Are there indicators of exploitations in the wild that security engineers can use to scope?
There are several key indicators to detect exploitations in the wild with high confidence. These include Exploit DB, Metasploit, GitHub PoC, Zero-day initiatives, and correlating those to a list of actively exploited CVEs from CISA KEV.
Beyond those, security researchers can use weakness attributes such as CWEs that lend high credibility to identifying active exploitations. For instance, CWE-119 on memory bounds or buffer corruption, CWE-94 on code injection, CWE-89 on SQL injection are some of the core weaknesses to monitor in the environment.
What are some techniques used to scan vulnerabilities in containerized environments such as Docker?
Containerized environments such as Docker and Kubernetes-Docker are popular for easier deployments.. Dockerized environments perform image scanning, runtime security and monitoring, configuration monitoring, and network security filtering.
In the pre-deployment stages, scanners extract OS packages, libraries, and application dependencies and match those against known vulnerability databases, and provide a risk-based scoring for those. Tools such as Aqua Security, Snyk, and Docker security scans provide these functionality.
In scanning such a Dockerized environment, tools must extract software components from the image such as OS packages, language detection such as Python/Node.js, and query to find CVEs affecting those components. Beyond that, tools must ensure that vulnerabilities across various databases, OS/package and other security advisories are taken into account. These must also identify actively exploited vulnerabilities using CISA KEV, and correspondingly map those to MITRE ATT&CK techniques.

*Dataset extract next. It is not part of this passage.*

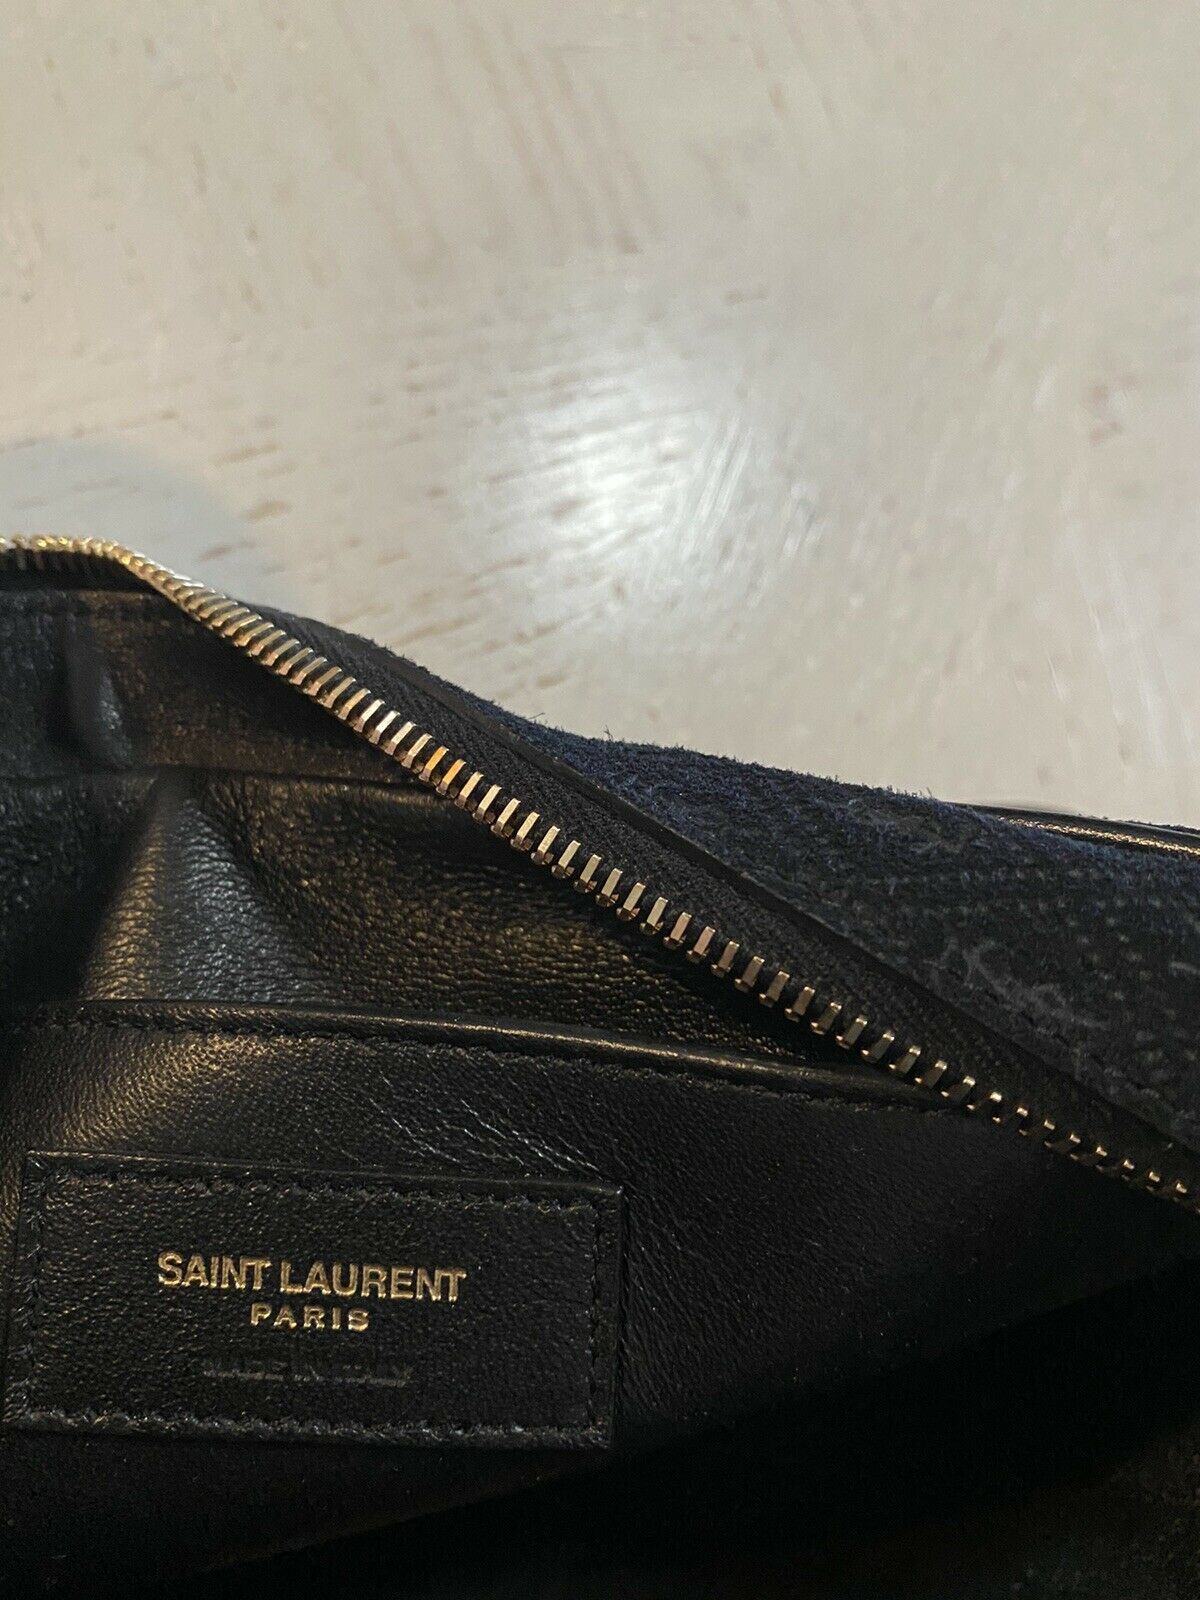 New $1850 Saint Laurent Leather/Suede YSL Crossbody Shoulder Bag Black 568608

How does vulnerability feed intelligence like vFeed find relevance in the AI/ML world?
LLM responses are probabilistic in nature, and heavily depends on critical data sets to train, else security teams chase false positives. Accuracy and deterministic intelligence is very important in dealing with threat intel to avoid chasing wrong leads. This is where high-confidence data sources like vFeed could help. More importantly, LLM dataset provenance, compliance, and data integrity are open risks for enterprise security teams using LLM models and model datasets.
At what stages of incident management workflow are vulnerabilities put into effective use?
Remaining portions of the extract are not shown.